---- COLLECTED MATERIAL

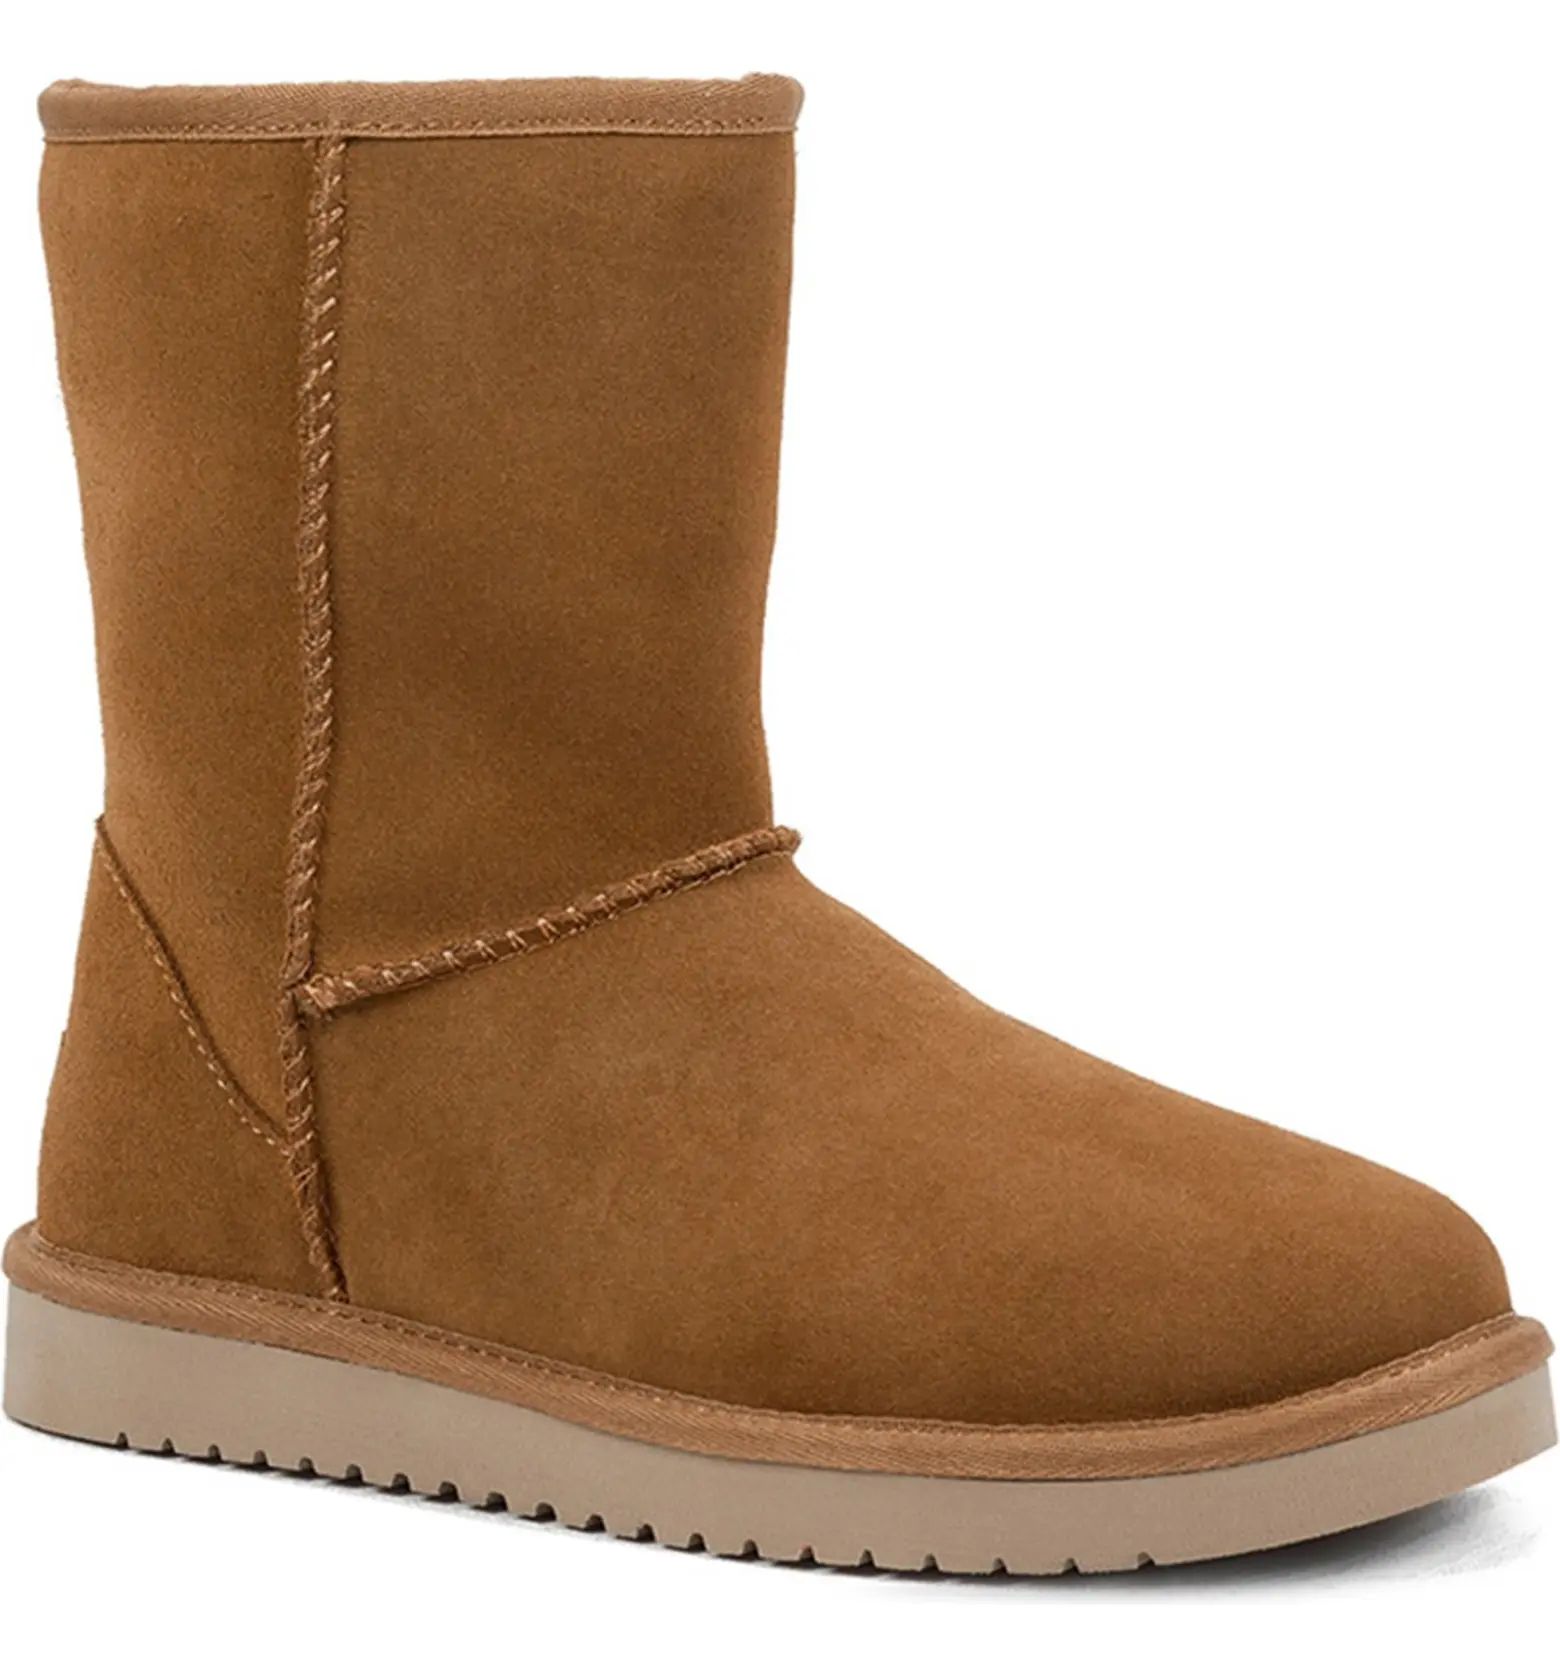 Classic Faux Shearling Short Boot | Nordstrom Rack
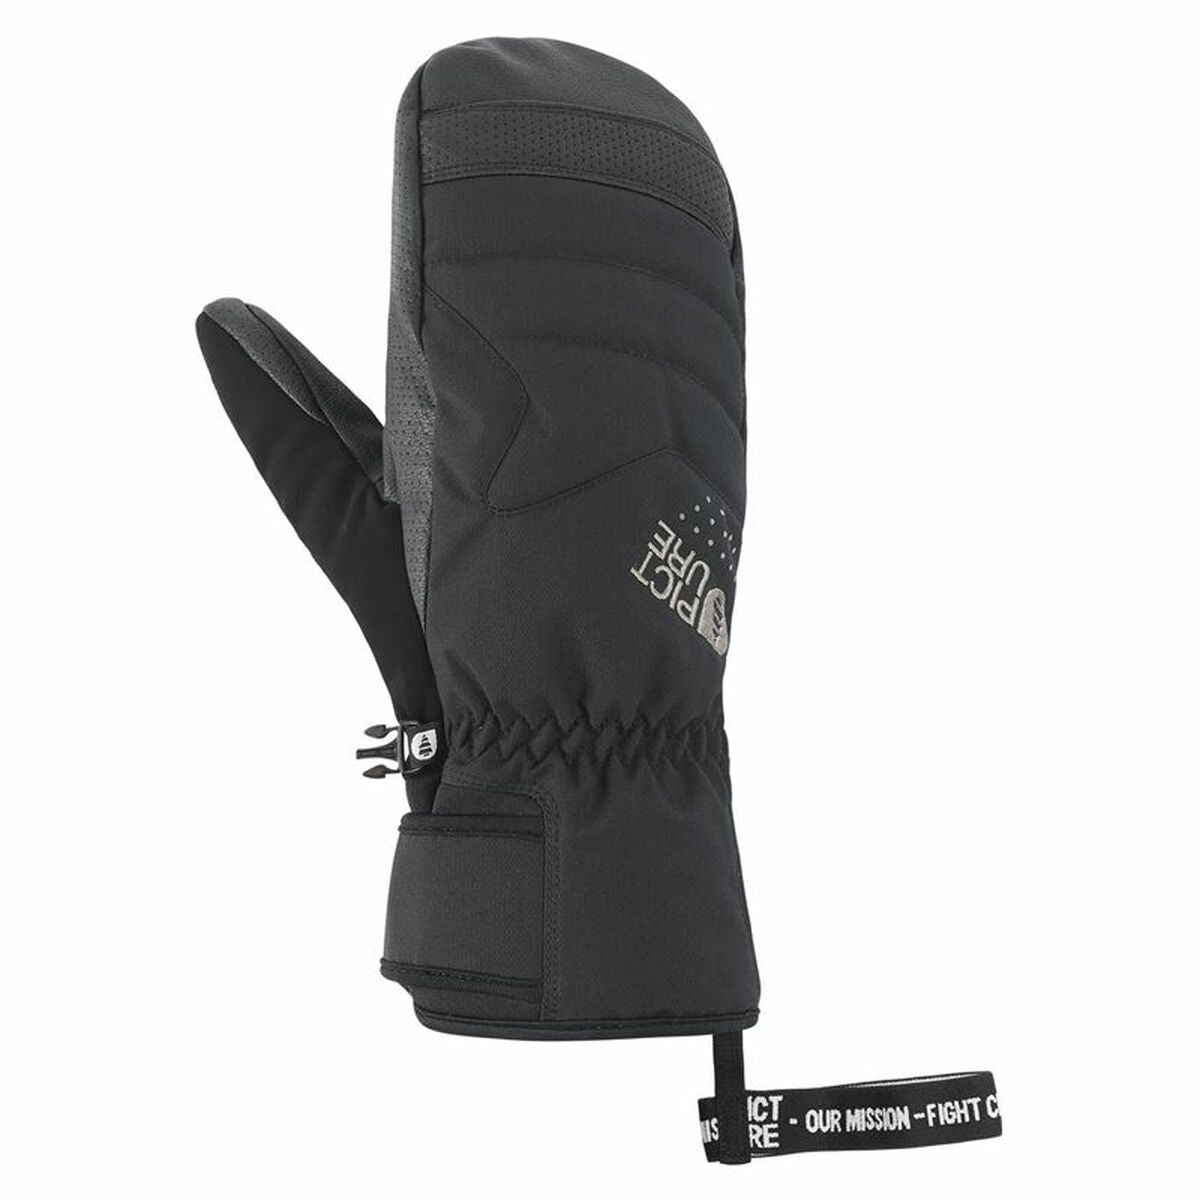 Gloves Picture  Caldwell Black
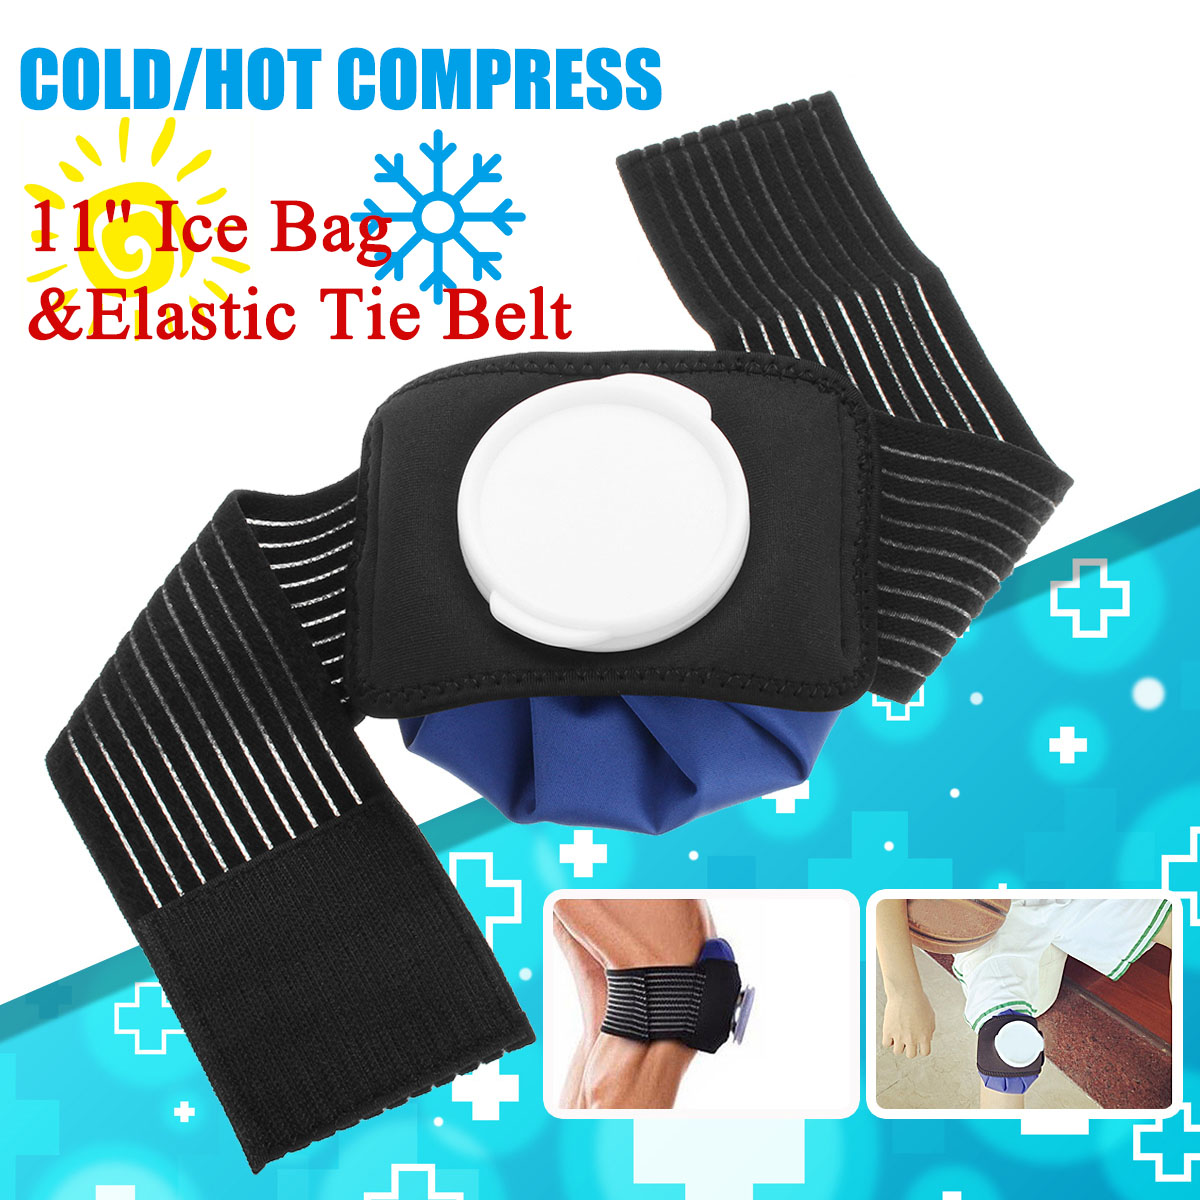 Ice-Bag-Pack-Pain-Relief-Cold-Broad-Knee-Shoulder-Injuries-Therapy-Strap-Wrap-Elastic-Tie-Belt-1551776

--------

- TASK
Pictures are to be left out. Otherwise, copy the material above exactly.

- EXERCISE OUTPUT
 Classic Faux Shearling Short Boot | Nordstrom Rack
 Gloves Picture  Caldwell Black
 Ice-Bag-Pack-Pain-Relief-Cold-Broad-Knee-Shoulder-Injuries-Therapy-Strap-Wrap-Elastic-Tie-Belt-1551776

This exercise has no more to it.